Graduates of the Academy while she was its head included Veronique Branquinho, Haider Ackermann, Kris Van Assche, and Demna Gvasalia. Loppa played a role in Raf Simons' career by having him learn the basic principles of tailoring from her father.

While head of the fashion department at the Royal Academy, Loppa was a cofounder of Mode Antwerpen. Founded in 1996, it was a predecessor of what would eventually develop into the Flanders Fashion Institute. In 1998, she was appointed the director of what would become ModeMuseum Antwerpen serving as its first director and curator.

Loppa left Antwerp in 2007, moving to Florence to take over the directorship of Polimoda. She held the position until 2016 when she moved to Paris but continues to work with Polimoda as the director of the university's Strategy & Vision Platform and as a consultant.

Linda Loppa is active as a consultant, curator and lecturer on fashion, art and the in-between.
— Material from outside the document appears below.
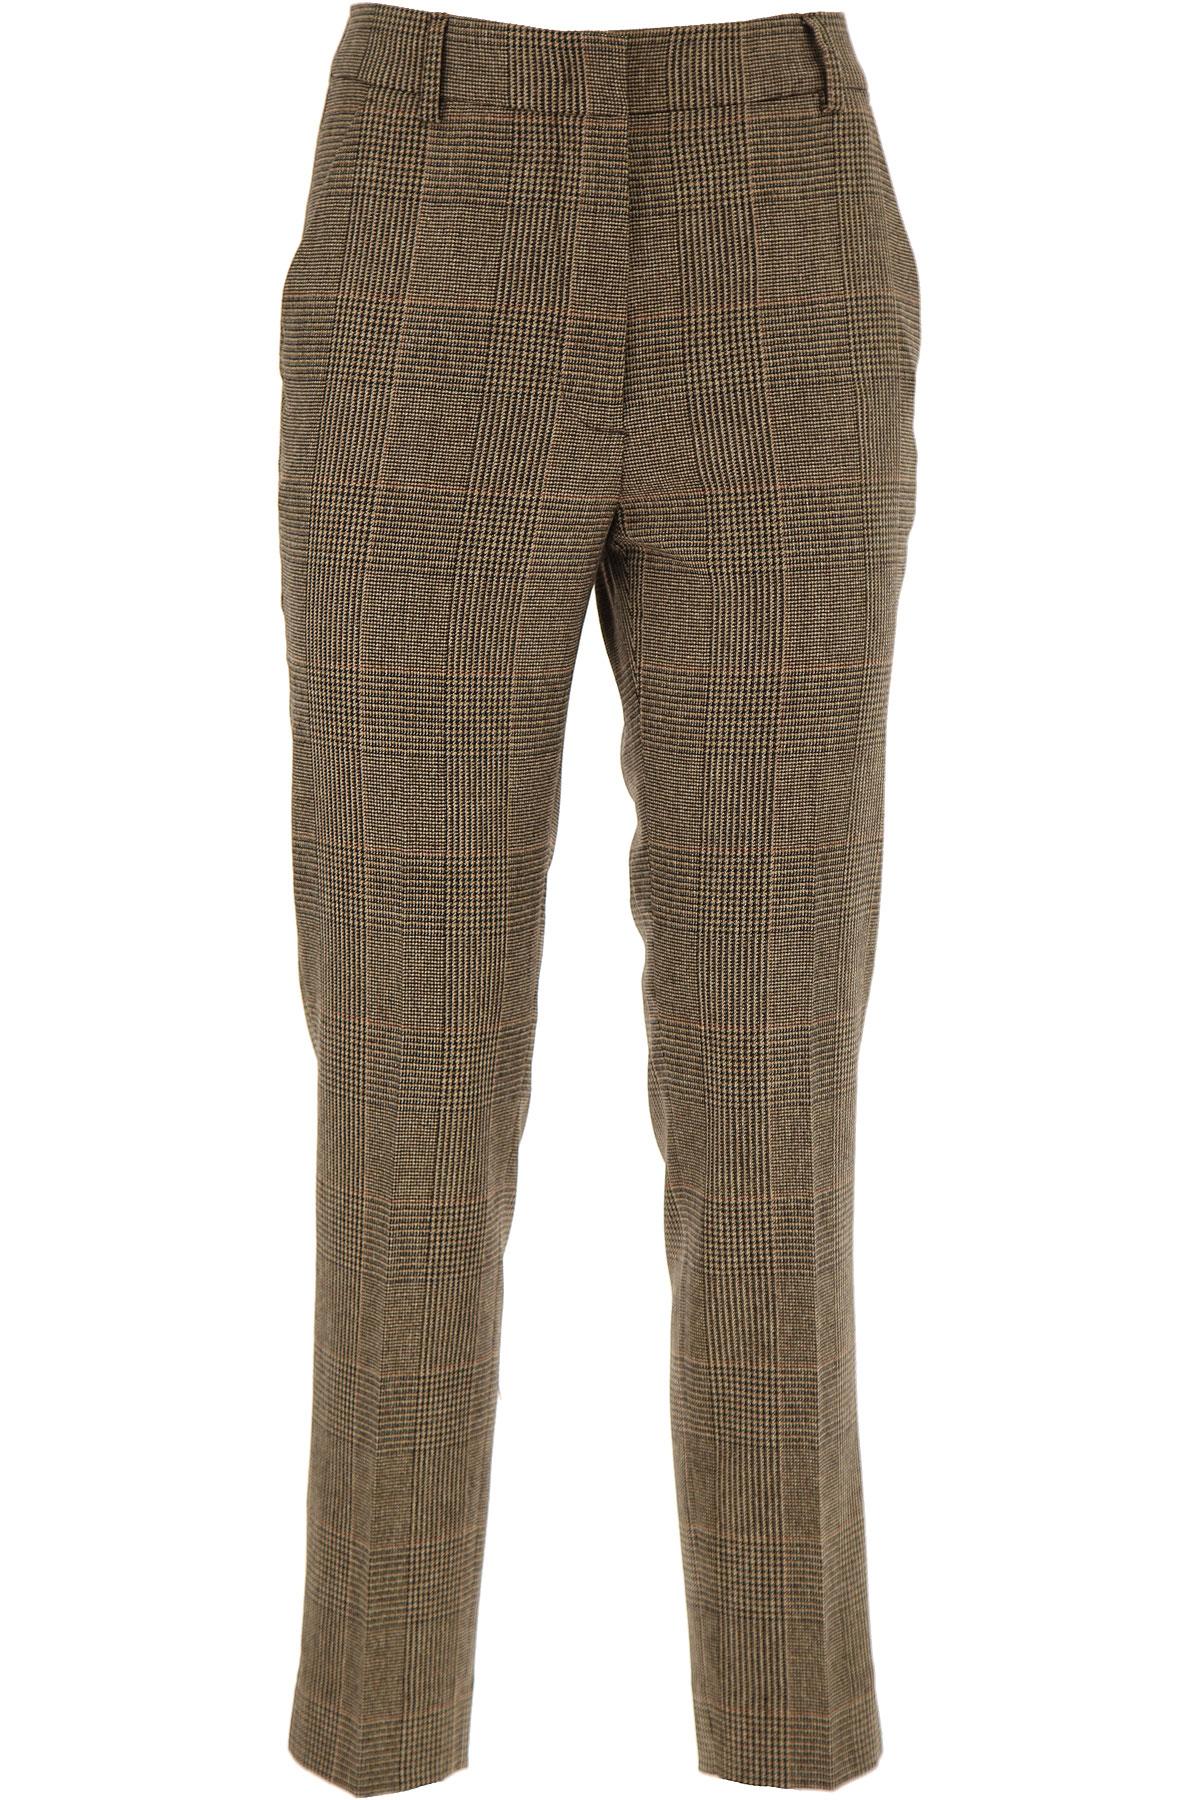 Image of Seventy Pants for Women On Sale, Mud, Virgin wool, 2017, 10 12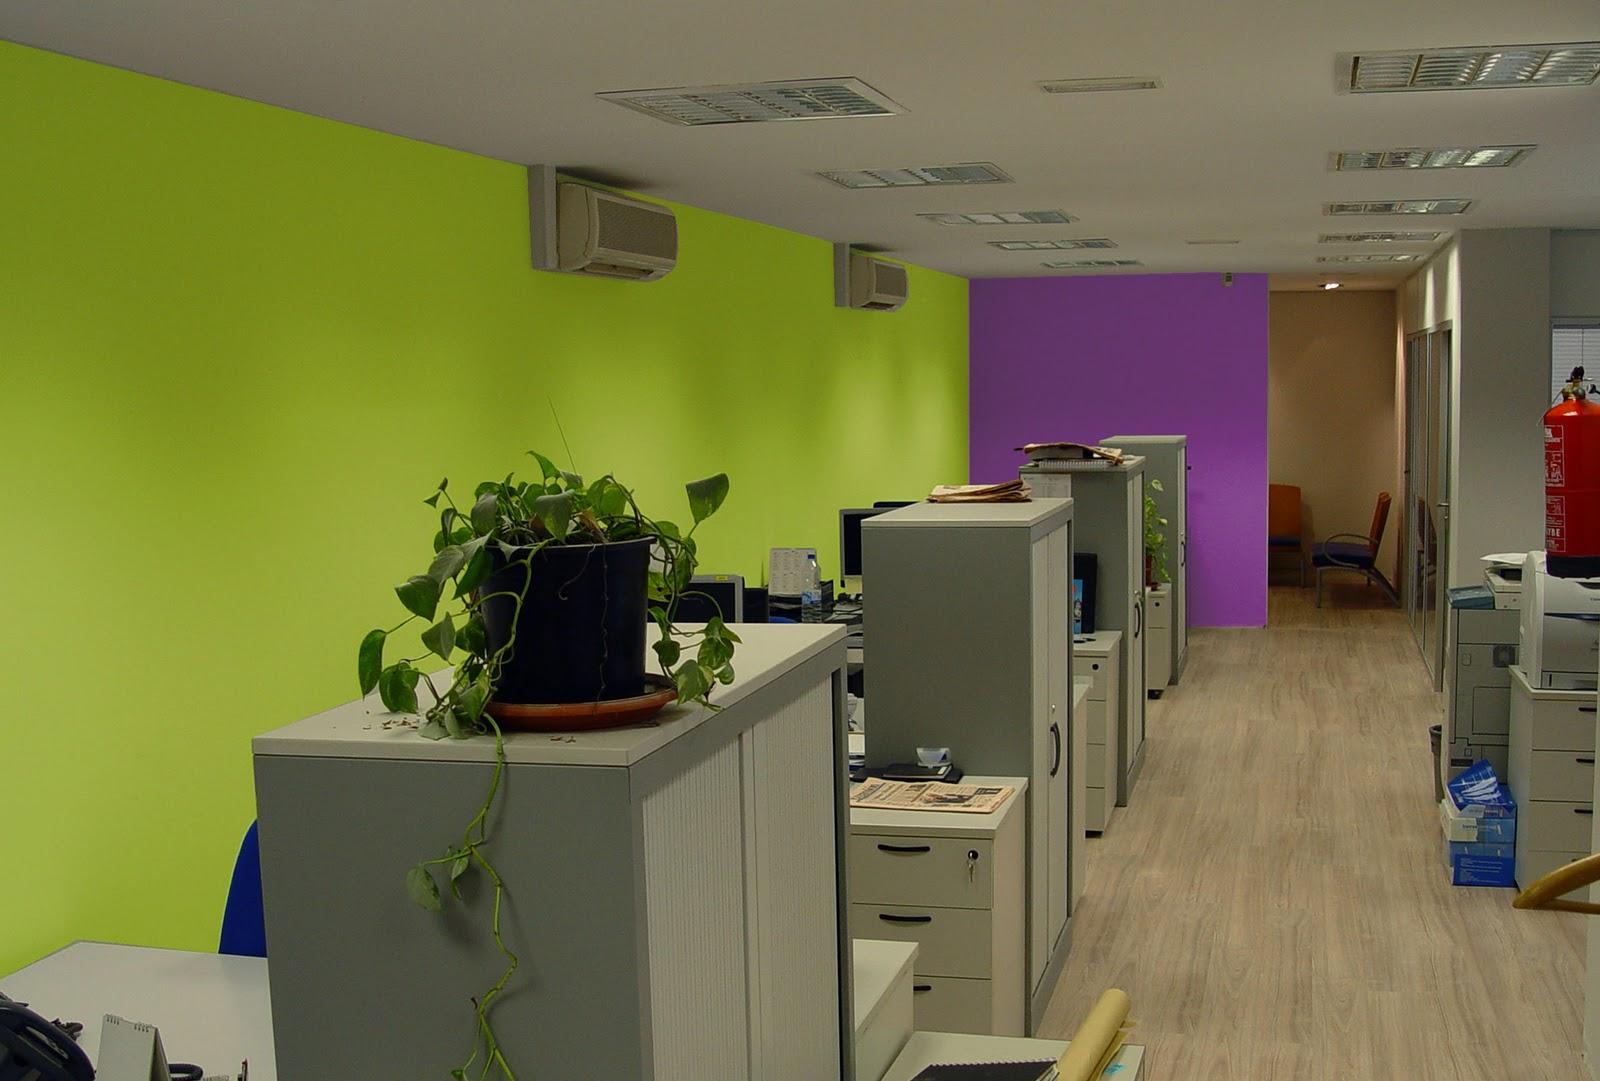 Luis n reforma de las oficinas de acceso group 2009 - Paredes verde pistacho ...

In 2019, she published Life is a Vortex ISBN 978-88-572-4062-6 which British Vogue described as "revealing her unique way of decoding the business of fashion." The book was published at the request and with the support of Polimoda. She also published the book THE NEW FASHION CONTAINER PROJECT. ISBN 978-3-9504985-1-6

== Recognition ==
Loppa has been described as the First Lady of Antwerp fashion. She is included in the Business of Fashion 500 Hall of Fame since 2014. She holds an honorary doctorate from University of the Arts London and was nominated by Time as one of the 25 most influential people in the fashion world. She has served on the panel for the LVMH Young Designer Fashion Prize.